The individualization of mature mRNAs involving SL trans-splicing in C. elegans is very similar to the kineto-plastid processing, although differences exist. In C. elegans operons the first step is the polyadenylation of the upstream sequence to which follows the trans-splicing of the downstream transcript. The AAUAAA poly-adenylation signal is approximately 100 bp apart from the downstream acceptor site, and its destruction decreases dramatically the trans-splicing of the downstream gene (Blumenthal 2004).

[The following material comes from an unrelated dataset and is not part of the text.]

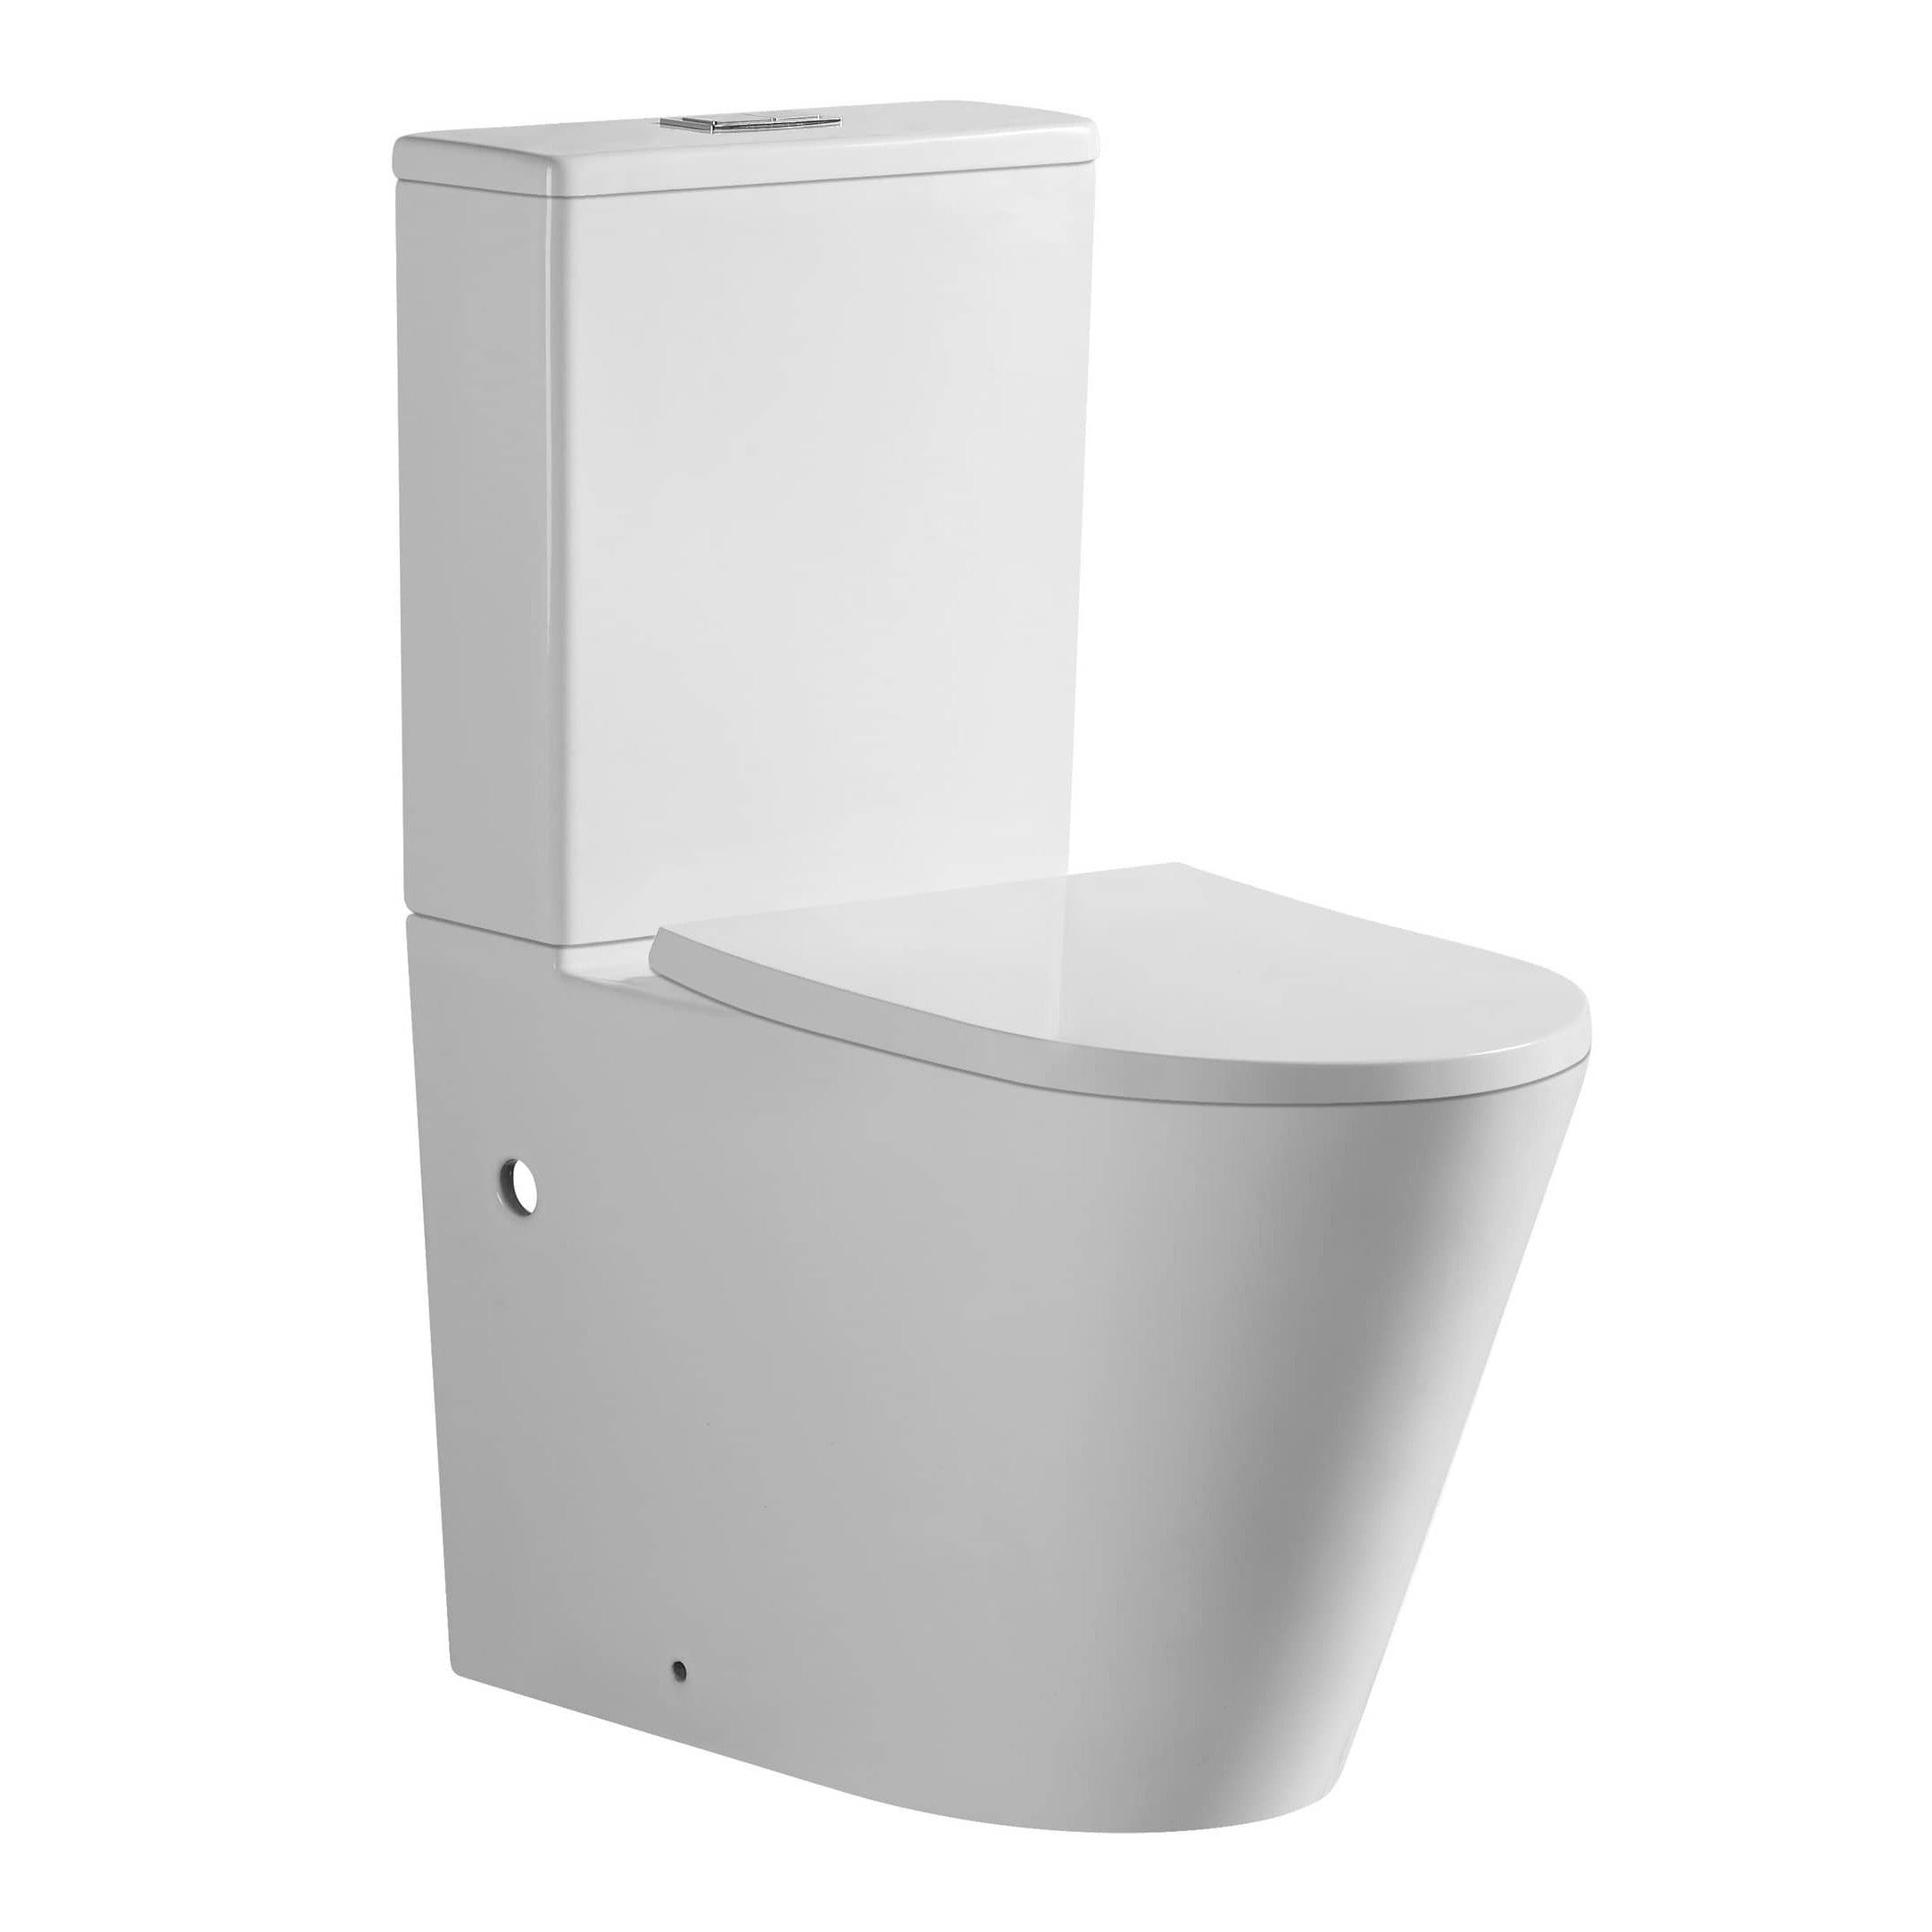 ECT Global Jamie Rimless Wall Faced Toilet Suite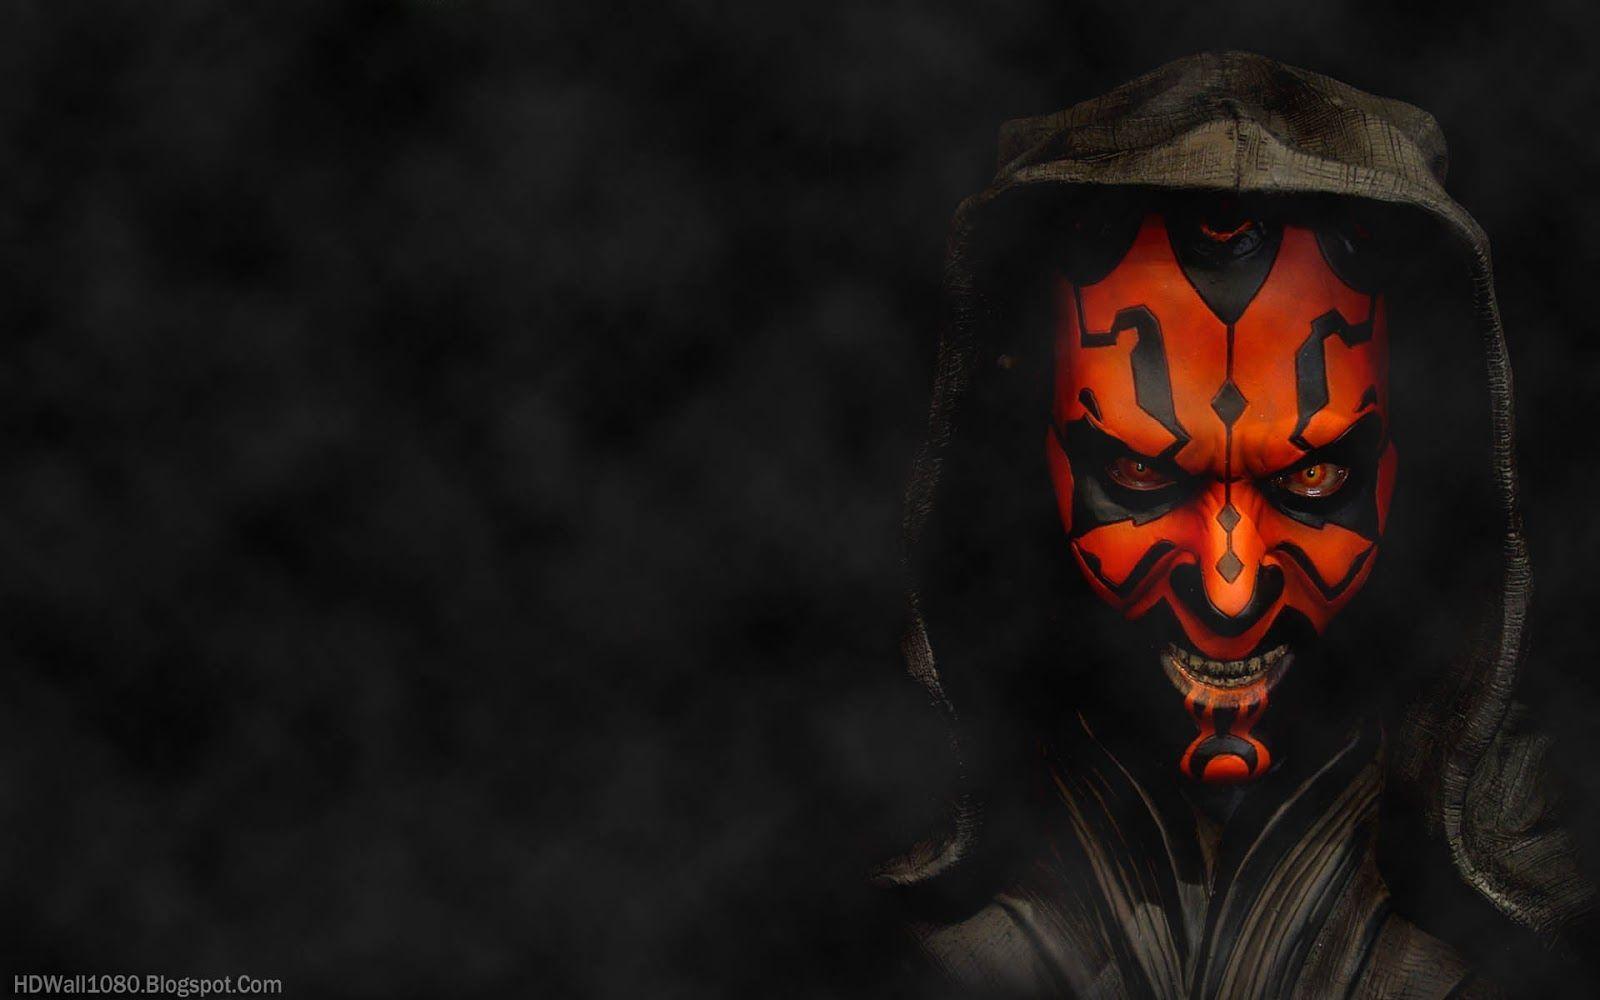 image For > Sith Wallpaper HD

Operons were found in the trematode Schistosoma mansoni (Davis & Hodgson 1997) and recently, in the urochordate O. dioica (Ganot et al. 2004). The operon organization, likewise for C. elegans, is related to SL trans-splicing. These data suggest that in eukaryotes one strategy for individualizing mRNAs from long polycistronic transcripts is SL trans-splicing.

Another important feature of SL RNAs is that they have a 5' cap structure. The addition of m7G is essential for eukaryotic RNA metabolism and processing. In the nucleus, it is involved in pre-mRNA splicing and in directing mRNAs and UsnRNAs to the cytoplasm. In the cytoplasm, it is related to mRNA stability and translational initiation. So, the transfer of SL sequence to the 5' UTR of pre-mRNAs results in the capping of the mRNA, which persists during the mature mRNA life (Tschudi & Ullu 2002). Thus a SL trans-splicing reaction can be considered as a trans-capping reaction, making part of the repertoire of biological roles of SL trans-splicing.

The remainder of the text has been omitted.